### What you should do
The material below is to be copied exactly from the line with "Bosa, Gemeinde in" up to and including the line with "NIKON Nikon Nikkor", with nothing else kept and no pictures.

### Information provided
^^^^

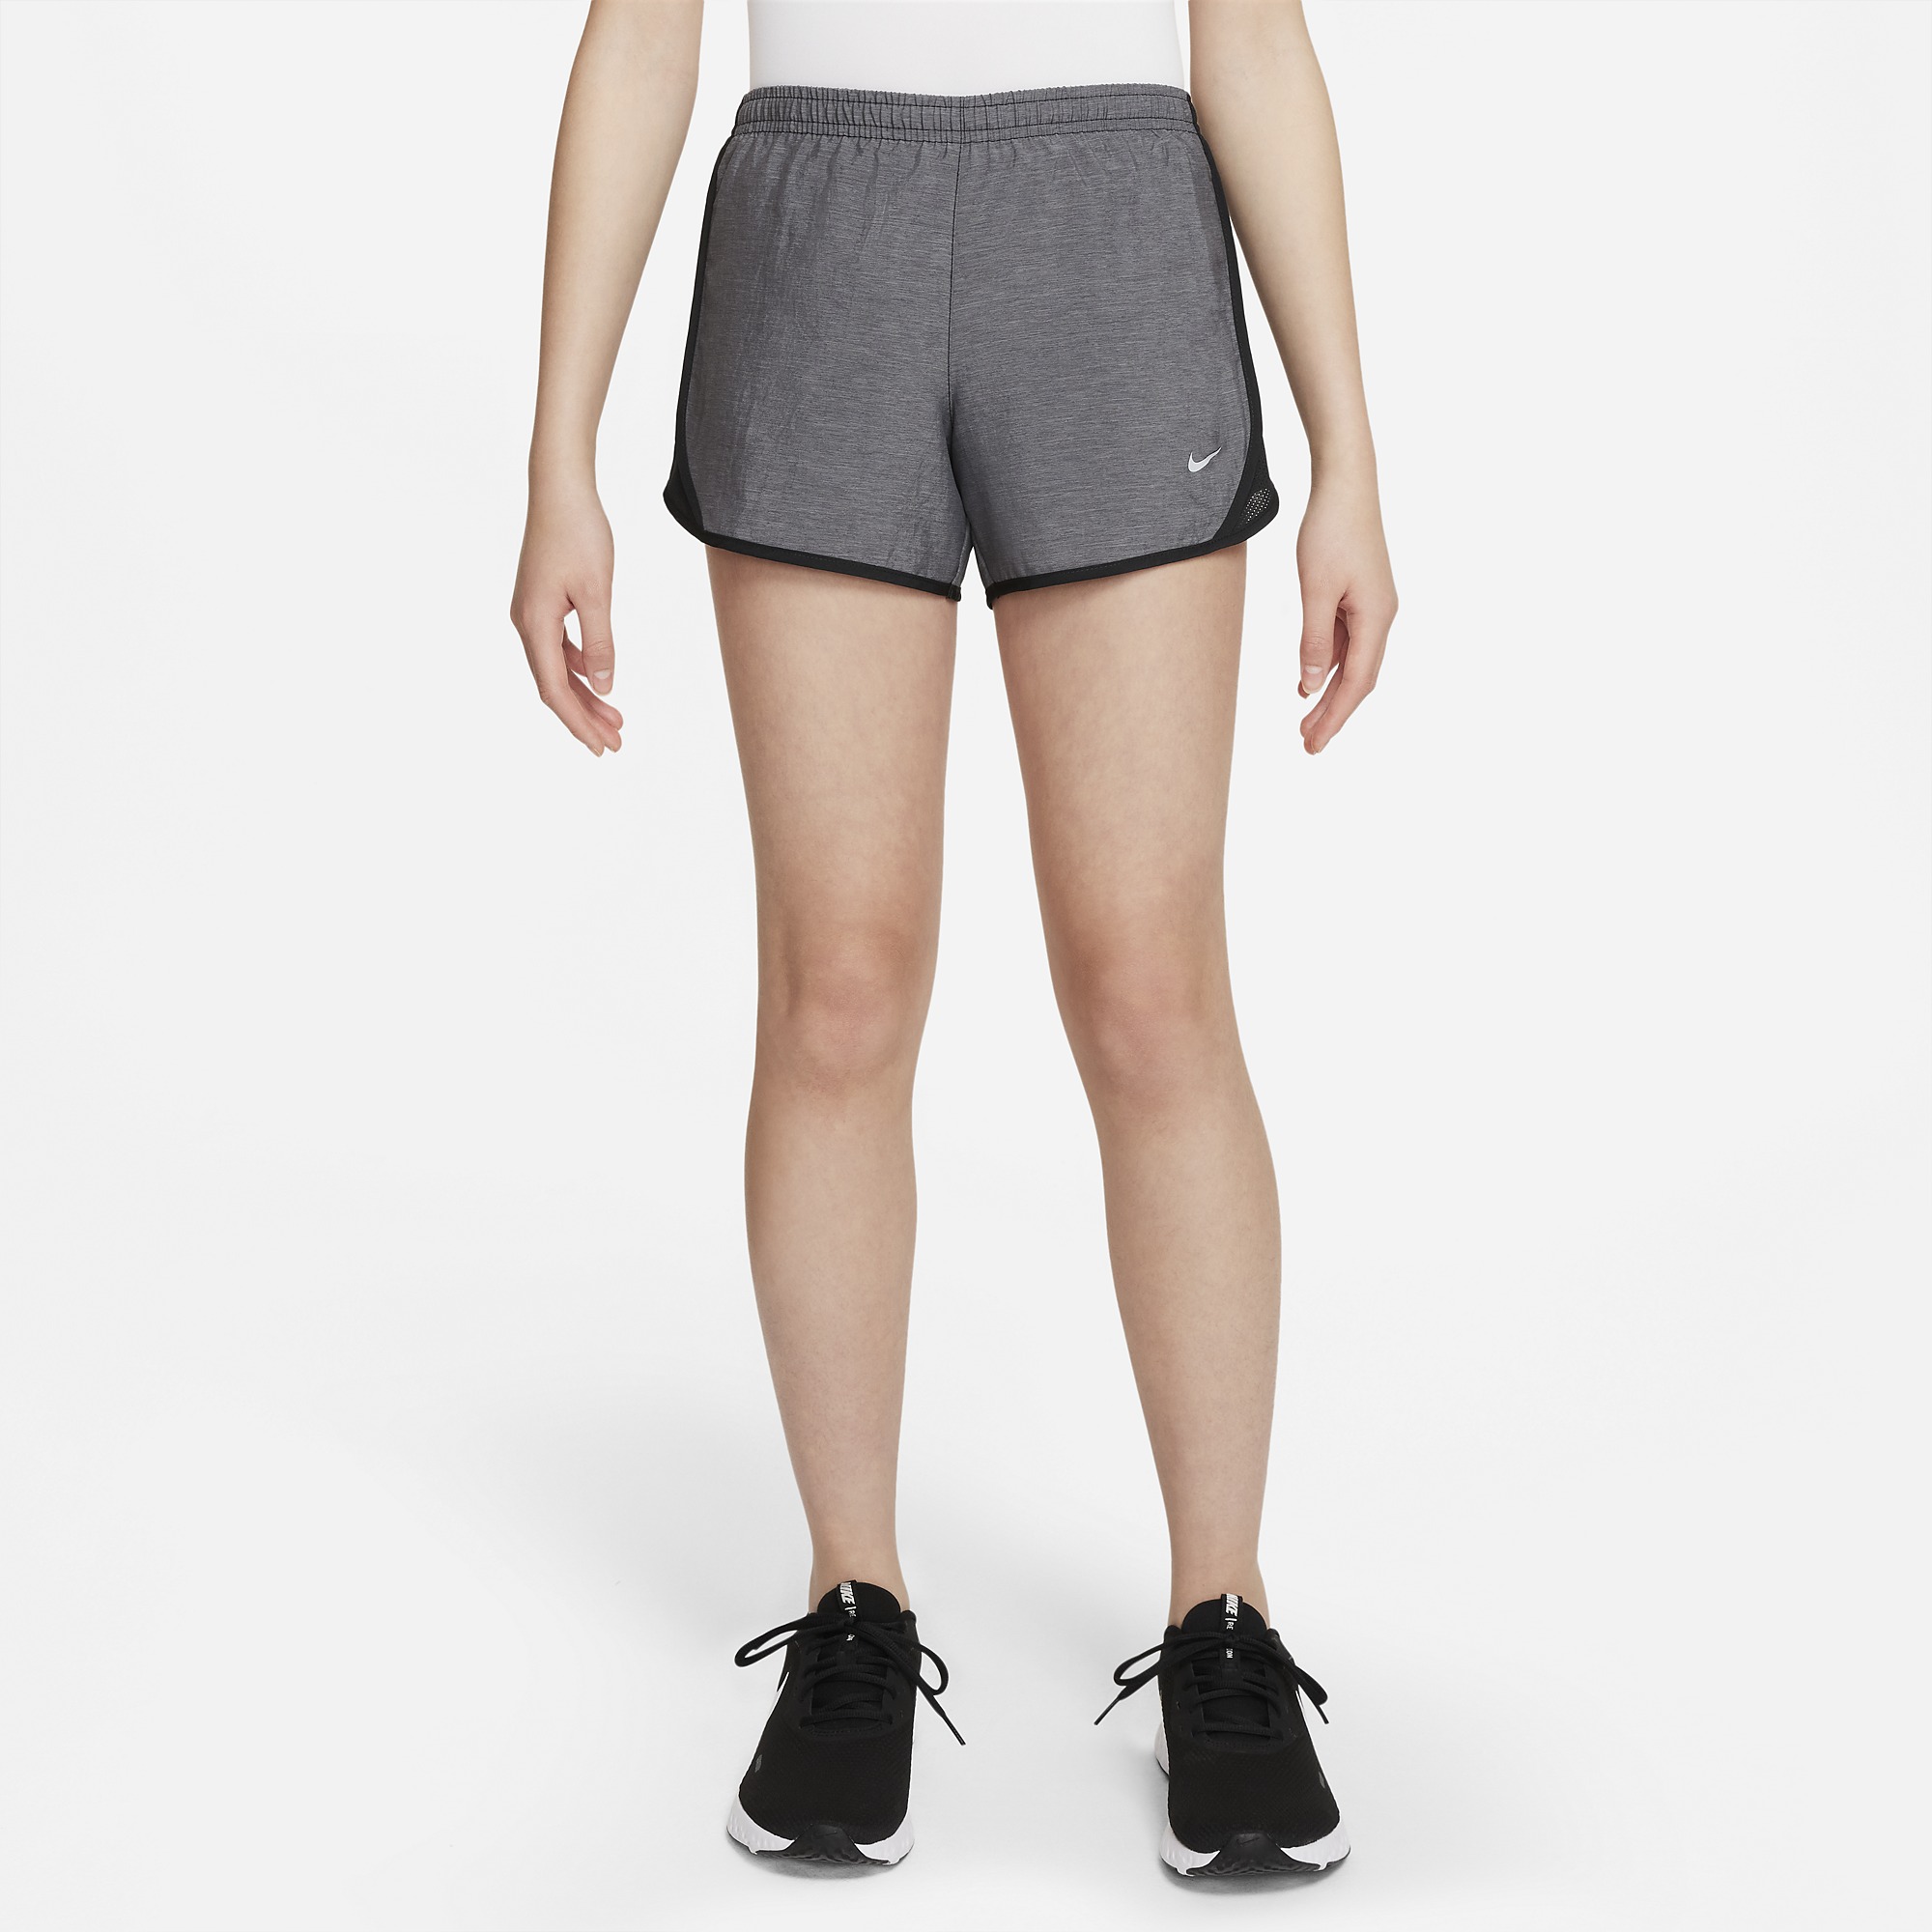 Nike Pro Compression Shorts Womens Size Medium Gray Heather Athletic  Training
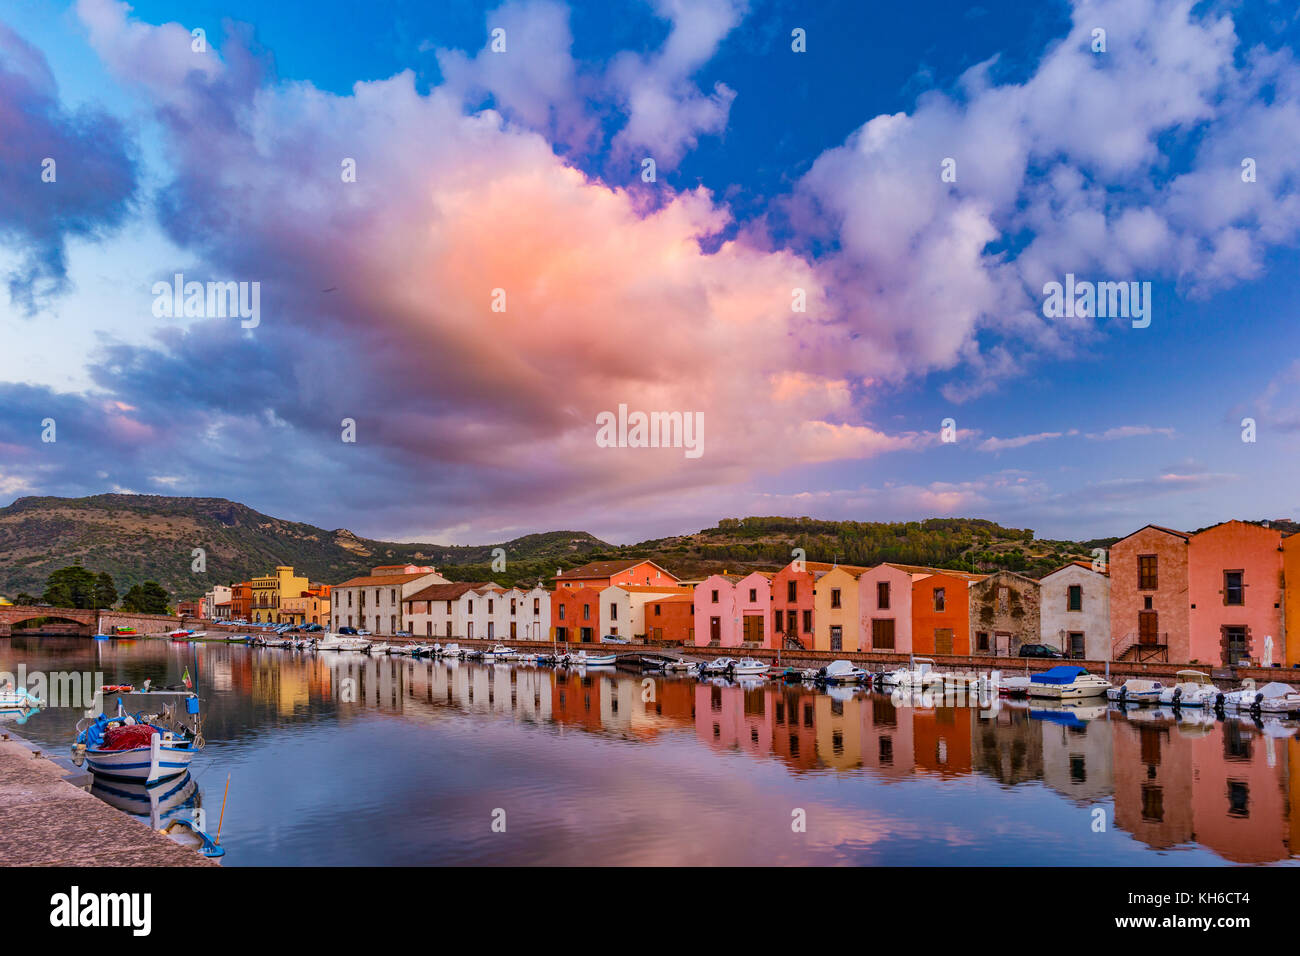 Bosa, Gemeinde in der Provinz von Oristano, Region Sardinien, Italien. schönen und bunten Foto von alter Architektur. Stockfoto
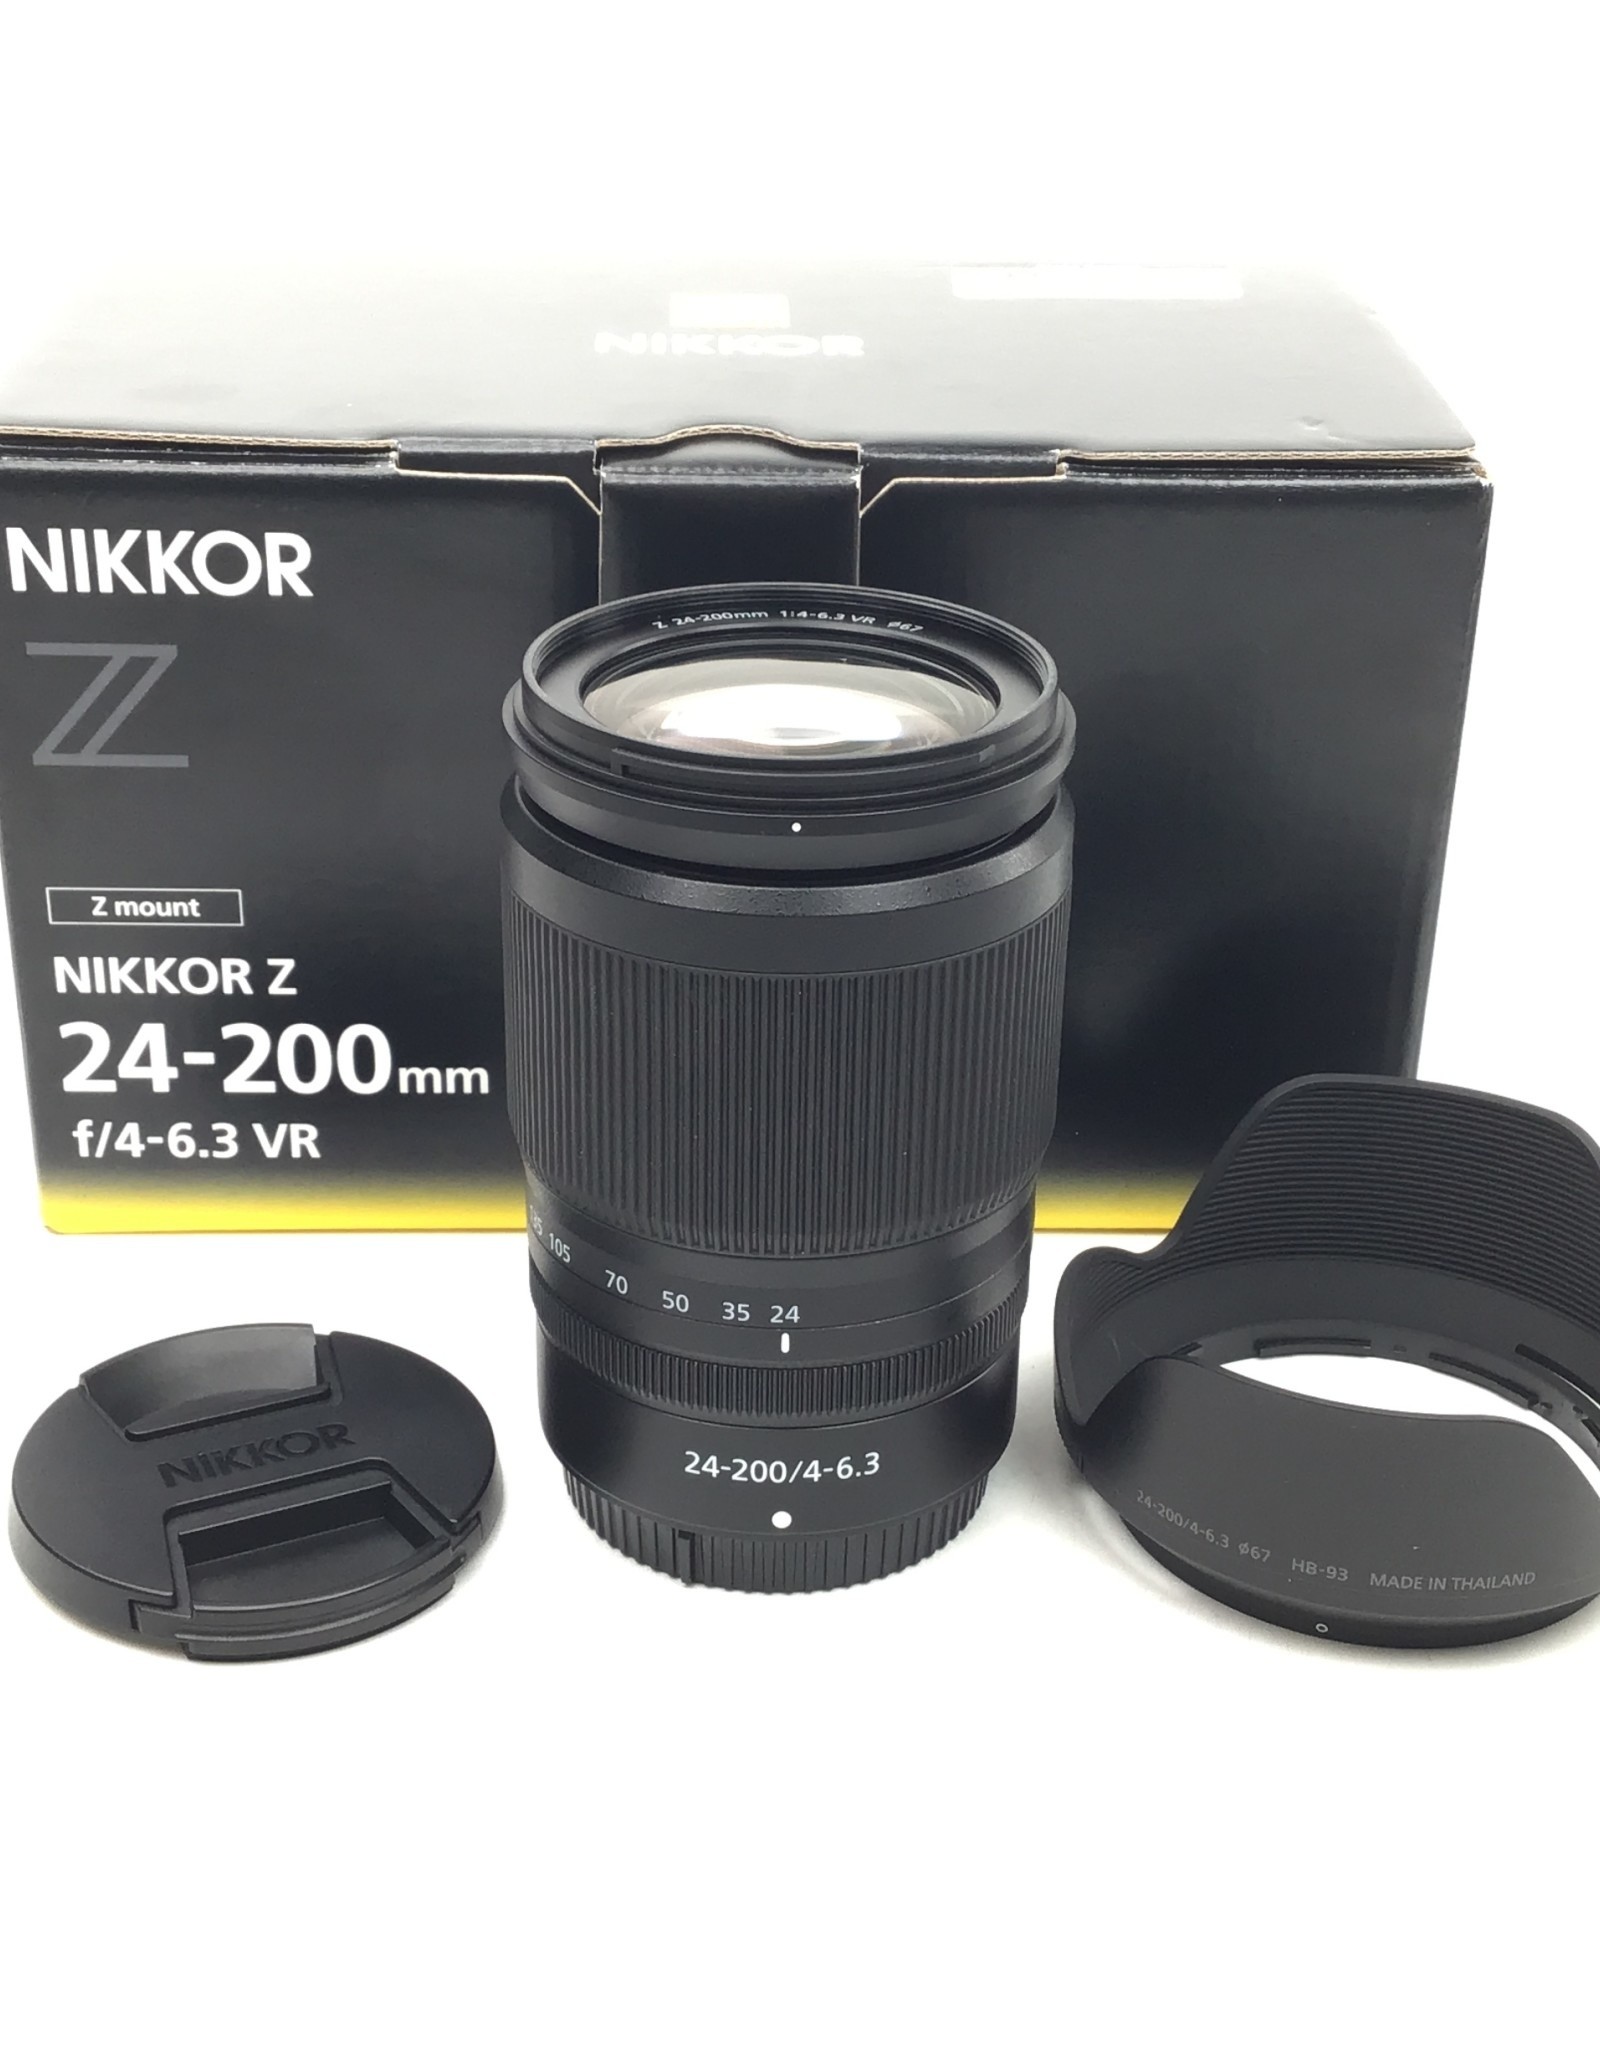 NIKON Nikon Nikkor Z 24-200mm f4-6.3 VR Lens in Box Used Good
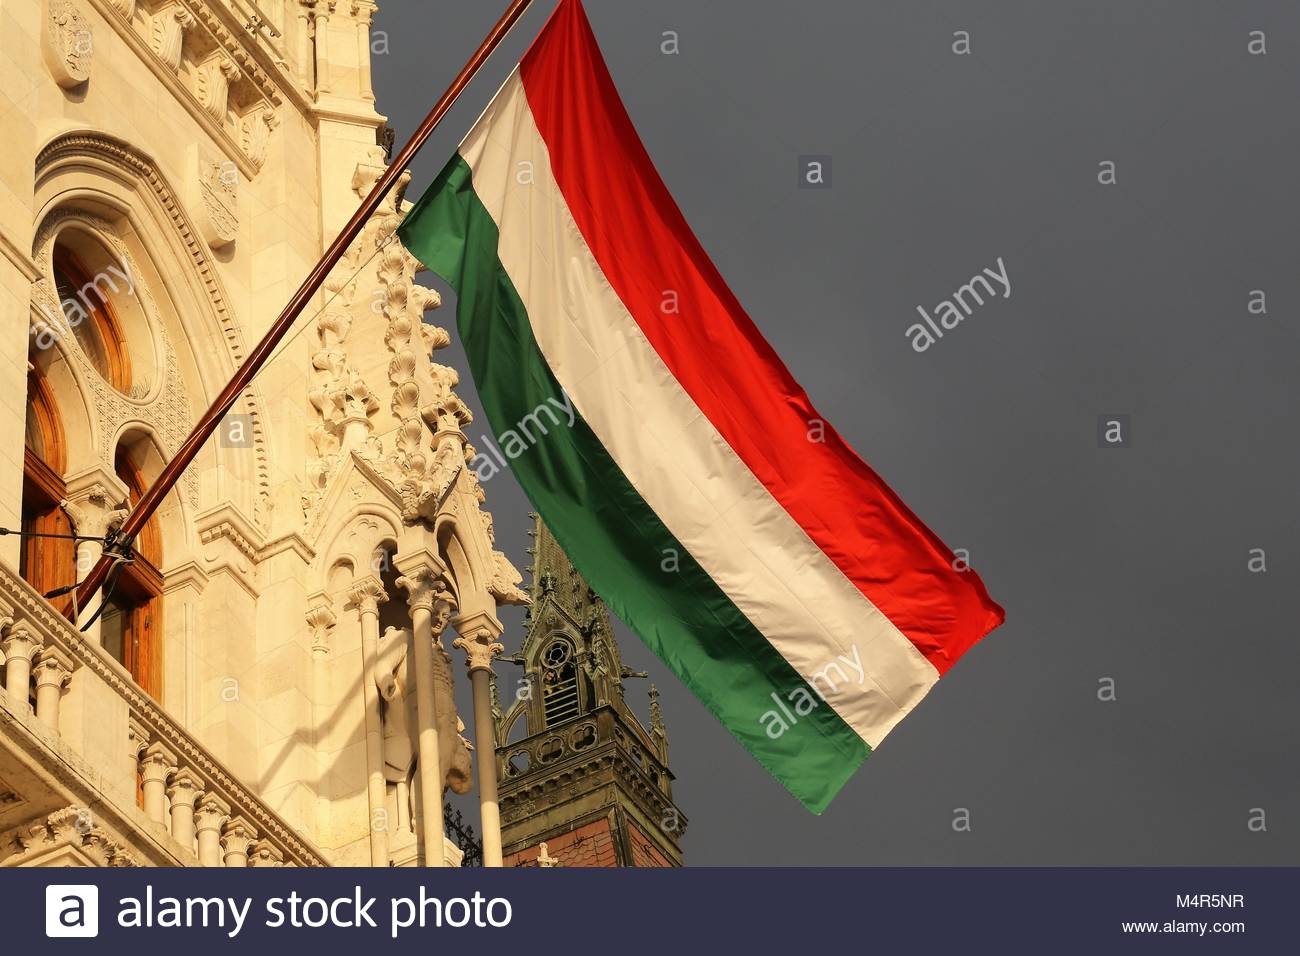 Le drapeau national hongrois en accrochant la lumière de l'après-midi d'or que les élections générales appraches. Il aura lieu le 8 avril 2018. Banque D'Images

^^^^

### Output for this exercise
 Bosa, Gemeinde in der Provinz von Oristano, Region Sardinien, Italien. schönen und bunten Foto von alter Architektur. Stockfoto
 NIKON Nikon Nikkor Z 24-200mm f4-6.3 VR Lens in Box Used Good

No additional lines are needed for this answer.